Captive Wife, The Read online

Page 8


  In the night the ship began to shake. There was a fierce rumbling sound. My 1st thought, we was on the rocks. I went up on the deck and all was quiet and we were riding high in the water and no sign of trouble. I dropped the lead-line over and found 7 fathoms deep beneath us.

  I took myself down below and there it was again. I think perhaps it’s an earthquake, of which the natives have told me, when all the earth rolls from side to side and mighty mountains shift their seats and tumble into the sea. I believe none of this but what am I to think on hearing this harsh and grating sound so close beneath me. I think the ship is about to capsize.

  Again I went on deck and cast the lead-line, finding the same depth as before. Then for’ard it started like a living thing. In the moonlight I saw the cause of all the fuss, it was a whale and her calf rubbing against the anchor chain, as if to get the barnacles off their backs. Dawn was coming up fast and the last of the moon hurried away, and I saw 7 whales and their calves making their way out of the bay, taking their time.
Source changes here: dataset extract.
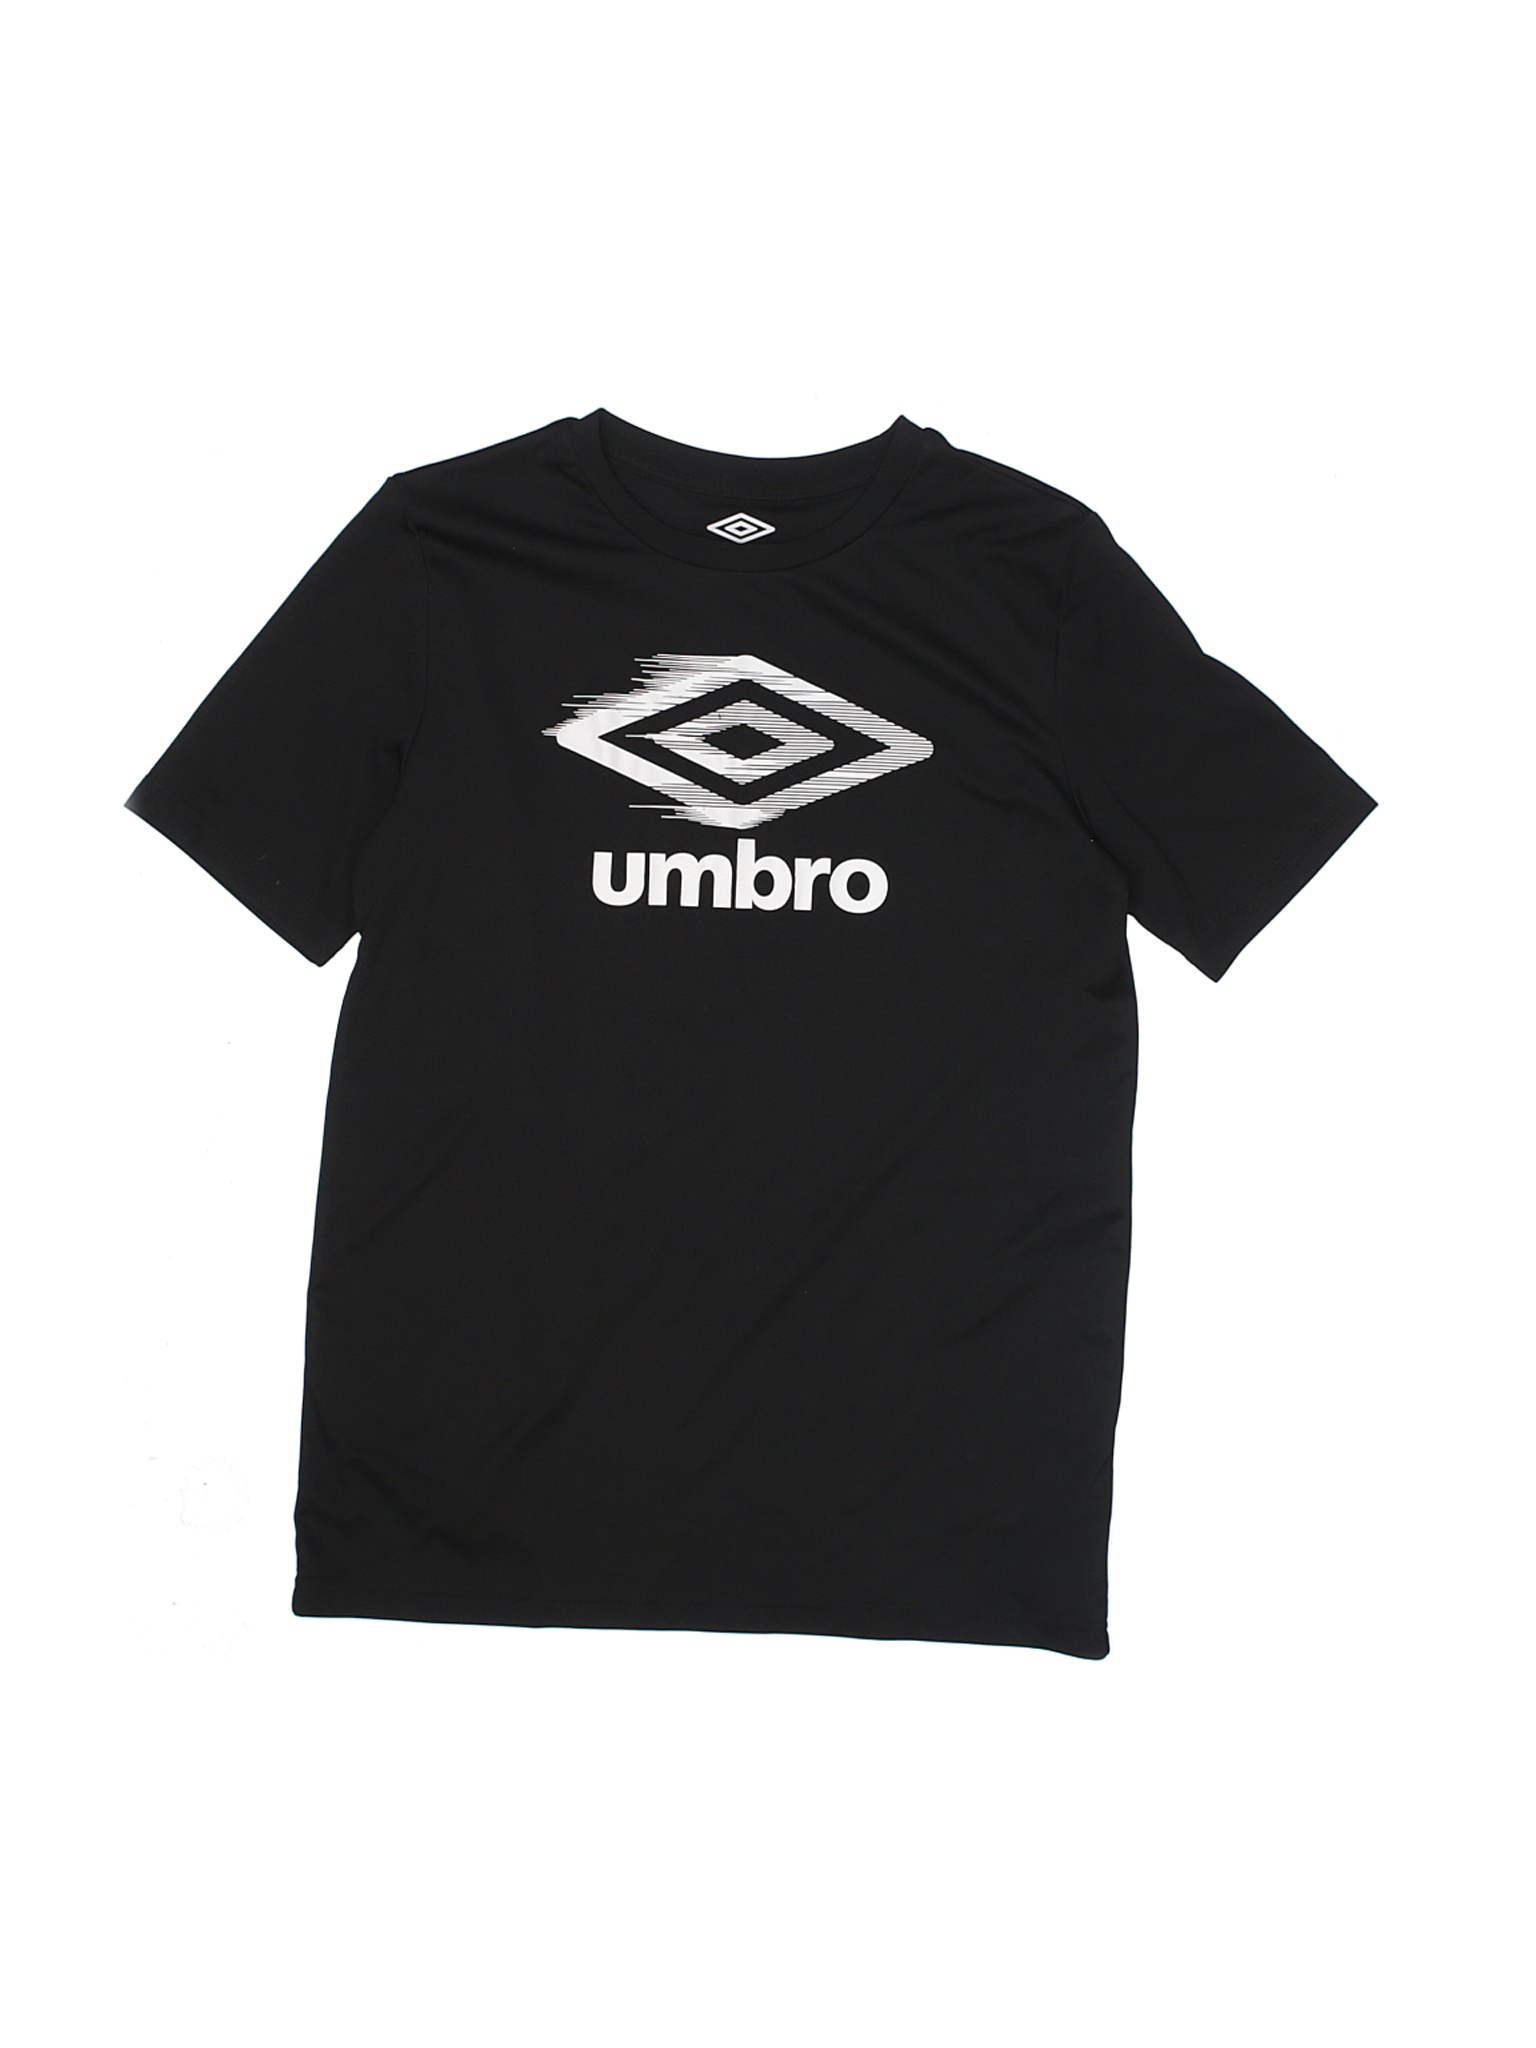 Umbro Boys Black Active T-Shirt 12 | eBay

  I knew then, this was where they come to have their calves, that when they pass through the strait they are on their way in and out of here. I had a vision before my eyes of a huge port filled with whaling ships the biggest the world has ever seen. As we sailed out a cloud came down across the sea and we sailed through it, the damp like quiet rain upon our faces, and I called it Cloudy Bay.

  About the house burning down. Mine is not the only 1. Some of the others have gone up in smoke. I heard the trouble was over 1 of the whalers’ wives, for she already had a husband when she come to live with him. The trouble is often about women. Not that it is anything to do with me. They think I am the chief which is true but not in the same way that the Maori chiefs rule. They expect me to put a stop to it. I have had a word with the men, told them to be careful who they take up with or they will get us all killed.

  After that, I think the trouble will pass and it is easier to stay at Te Awaiti than shift camp. In the back of my mind, I put away the idea that Cloudy Bay is there for the taking, but first I need to turn a profit for Mr Campbell on this station. I decide that I will tell nobody about Cloudy Bay.

  About this time I begin to think that if the girl wd come over with me and settle it might be a good thing. Perhaps it wd be better for her than in Sydney and I wd stay more often at Te Awaiti. On my own, it is much like an animal’s life, living on whale meat which is not good to the taste and wild turnips. I need someone to put in a garden and cook my dinners and wash the clothes.

  Was this when I began thinking of bringing Betsy over?

  No.

  I have been thinking of her night and day for going on 2 years.

  She has flashing eyes.

  Her smell is that of the sweet untouched.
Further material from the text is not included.